The CATI input data were loaded as sample preparation and the first search of the RRC RDB in processing was completed. Data collection began in the ROs on January 10, 2007. Active collection ended on July 15, 2007. In total there were 184 days where at least one RO was actively collecting data. A total of 16,984 questionnaires were completed in this time frame. Between July 16 and July 31, 2007, a passive collection took place wherein returned paper questionnaires or persons calling the RO to do the survey were handled. During this time, 112 questionnaires were completed. It should also be noted that even among the 16,984 questionnaires deemed complete by the ROs, some were later judged in HO to be either seriously incomplete or conducted with an incorrect SP.

Data collection was conducted using two shifts of interviewers working six or seven days per week. Interviewers were given the survey objectives and background along with a detailed training manual. Mock interviews were incorporated into the training sessions using the CATI application. A call scheduler assigned cases to interviewers in normal operations. On occasion, an interviewer could be assigned to manage specific cases. This may have been to take an in‑coming call or to make a call to someone who preferred to speak in a non-official language. Calls were made overseas especially for SPs in the non-permanent resident (NPR) group who had left Canada. Quality management of the collection operation included monitoring of the interviewers, retraining and the discussion of specific data quality issues noted in HO relating to completed questionnaires. Regional office managers allocated resources to the survey while balancing the needs of other surveys taking place in their region. Sustained efforts to interview persons who initially refused to participate in the survey improved response rates.

Table 7.3.2 shows the distribution of cases sent to ROs from HO over time. Interviewing typically began in the RO as soon as new cases arrived. The adjusted total reflects cases that were dropped by the ROs as a result of an HO request. This was made because HO processing was able to resolve a regular sample case that had gone into the field. This may have been due to a SP being confirmed as being deceased from the 2005 and 2006 vital statistics (VS) files or the SP was found on the 2006 RRC RDB. Additionally, some cases were resent to an RO if a case that was originally completed and returned did not meet the data quality standard expected.

Survey data were sent electronically to HO from the five ROs each night after interviewing came to a halt. Transmission reports and collected survey data were reviewed each morning by HO staff. Cases considered unsuitable for processing were reactivated and sent back to the RO for follow up.

Three detailed management reports were created at HO to document the progress of the survey. One report gave statistics on the cases currently in the RO (unopened cases, completed cases, and opened cases not yet completed). The second report presented very detailed statistics of a number of RO outcomes. This report was produced on a weekly basis. The third report included progress by variables such as case type, sampling frame and stratum. Case completion projections were made for the ROs to help them meet their collection targets.

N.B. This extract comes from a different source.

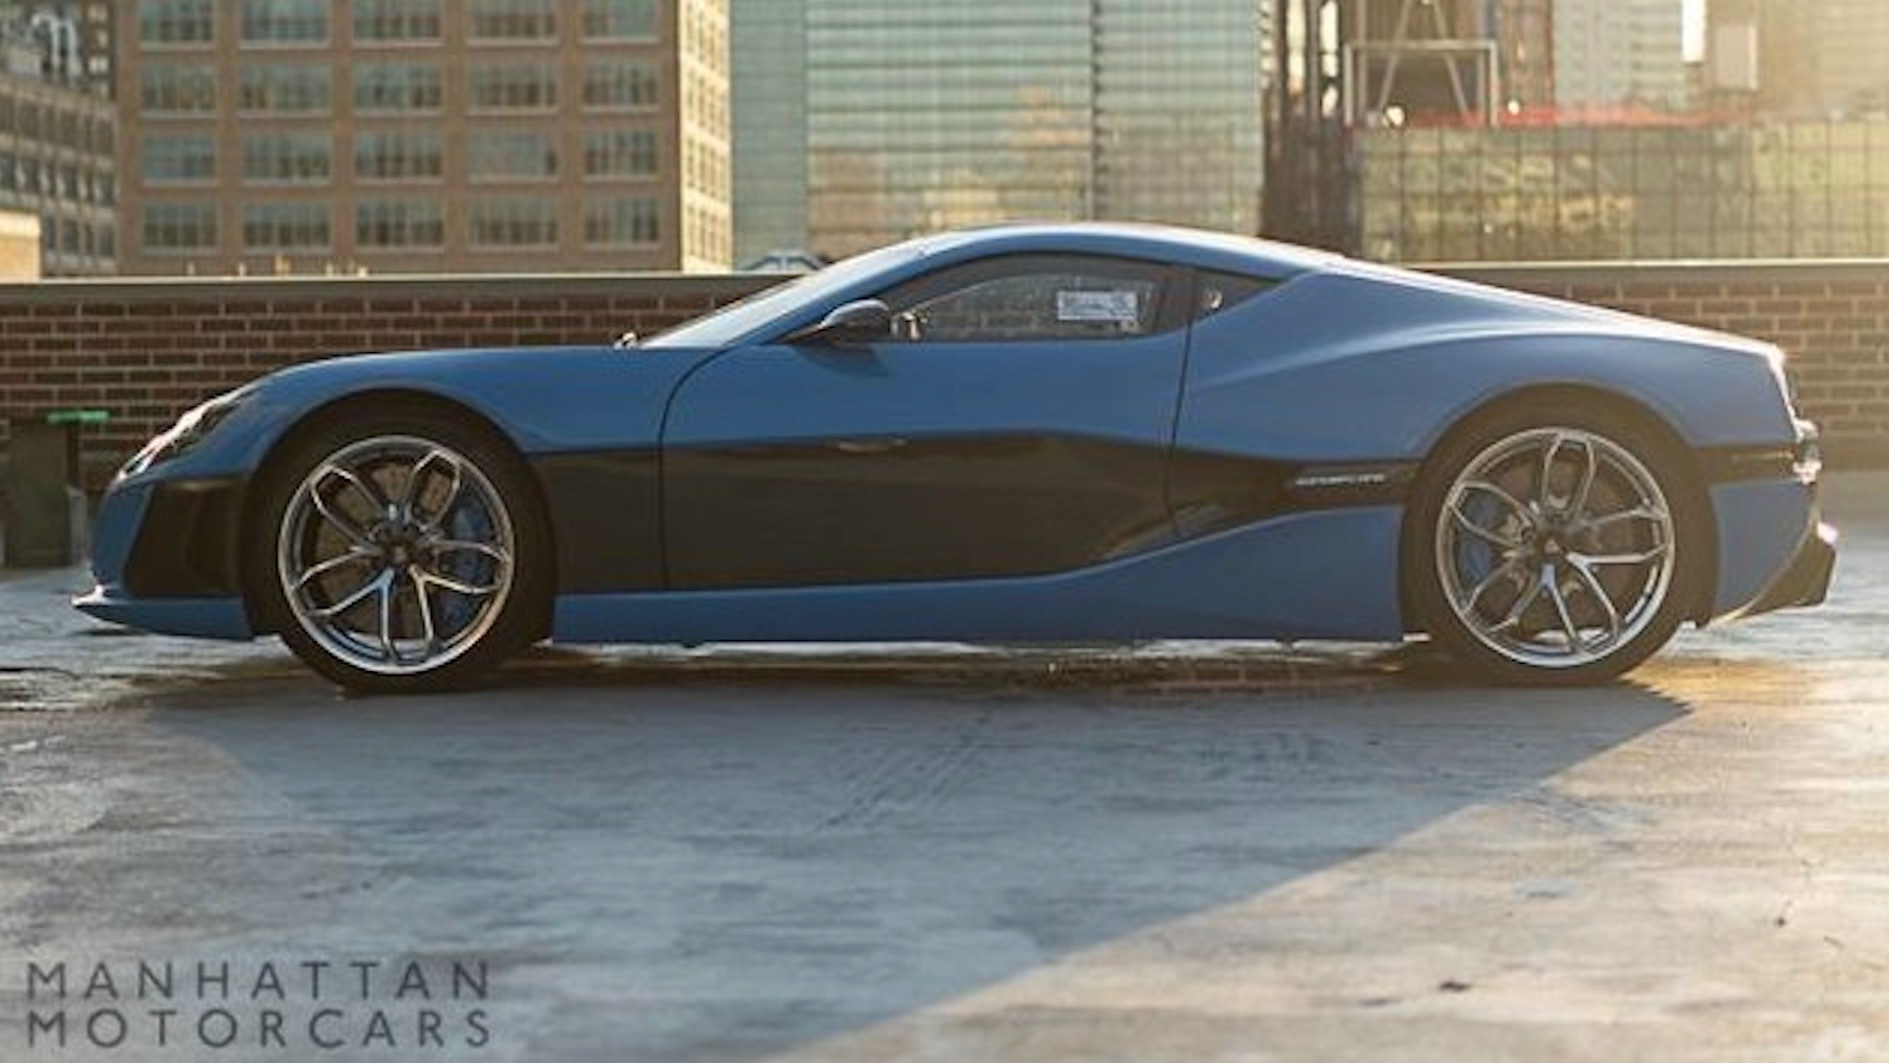 Rimac Concept_One for sale (Photo by Manhattan Motorcars)

Data collected in the field were analyzed at HO for completeness and accuracy. Cases were rejected if data were missing or ambiguous in key fields or if the data had mistakenly been acquired for someone other than the SP. Cases which were not rejected were compiled into batches for processing as described in Section 7.2.

The average duration of the CATI interview was 13 minutes. The actual time spent on each case however was larger given the number of contact attempts required and the amount of tracing that was involved.

7.3.3 Tracing

Tracing was undertaken by both HO and the ROs and was critical to the success of the RRC. Of the 3,456 cases that started in tracing, successful leads that yielded interviews were found for 66% of them. Among the 16,658 cases that started in the interviewing queue and required tracing, the trace rate was higher at 88%. Numerous valuable leads were also found for these cases. Overall, 11,339 of the 16,944 completed cases, 67%, required some tracing effort.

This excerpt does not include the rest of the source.